Ten of Swords

Flying at the light again and again

Stupid little moth .It's overkill of something already killed. There's nothing you can do now. That's a relief: Releasing control. Lay it down. Lay down. On the cool ground. Sink into the earth. The cycle has ended

Rut-ro. The ten of swords. Deep breaths. Dang it really, Universe? What am I beating to death again and again, reserecting and killing off? Over thinking.  

So many possibilities here because,  well, by this age, I've really dragged the same dead carcases behind me. Occasionally pointing back to show them to people or get upset about them. (That would be a good painting if just a TAD heavy- dragging a bunch of dead animal headed people corpses behind me). How about competition? I've been dragging that one way too long but have a really hard time severing the line.   We're all in it together. But still I feel redundant. Edging on just being another old lady artist.  Competition has been massively played out. Feeling like I can't compete but have to- as an artist, a mother, a wife,  a friend.
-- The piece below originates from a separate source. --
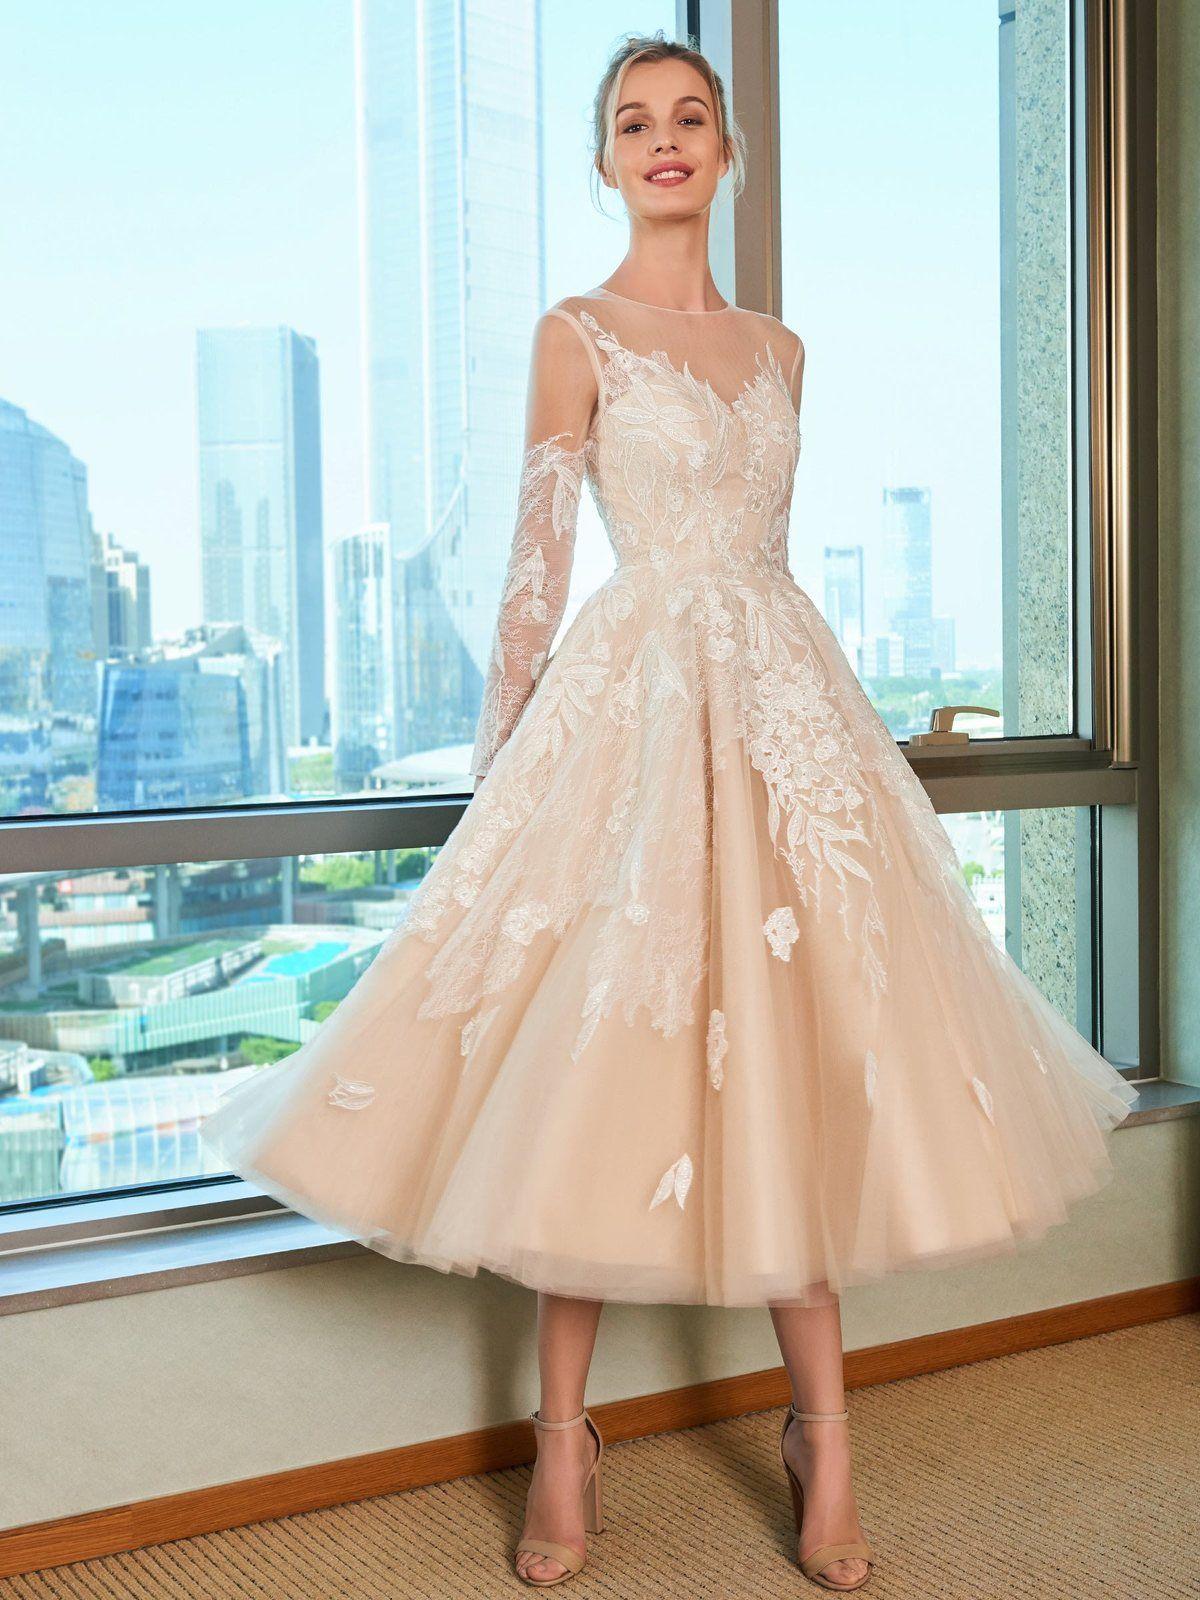 Material Tulle Body Shape All Sizes Silhouette A Line Hemline Tea Length Neckl Tea Length Wedding Dress Tea Length Beach Wedding Dresses Tea Length Dresses [ 1600 x 1200 Pixel ]

Also,  as mentally negative, end of the cycle, tens, go- it may be time to stop berating my body for not being perfect.  For aging. Yes yes, you say I still look pretty dang good for my age,  but my neck has started looking like the trunk of a palm tree, my eyelids have vanished and no matter how many ointments I slather on my face it has started sliding towards my toes.  I could set down that corpse too. Can I? Or is that,  as the French matrons say,  letting yourself go? Tisk tisk. Wouldn't it be nice to not give a f@#k?

I pull a second clarifying card and its the five of coins. Maybe this 10 is really about my mother? I've been trying to help her stay in her home as her brain gently descends into the wak-a-doodle land that is dementia. It's exasperating and exhausting. I would looove to set it down.  To stop shifting the hoards of stuff in her home,  to stop cleaning rat shit, to stop caring if her refrigerator is breeding the next plague, to stop worrying about the house caving in and her cancer surgery and falling and cats being feed cat litter and too much wine with medications. But I can't cut that one free, though it has about 20 swords stabbed in it already. Could I paint mom laying down with the swords in her? Yikes...no. (though, weirdly, she was laying in the position when I discovered her passed out on the floor recently).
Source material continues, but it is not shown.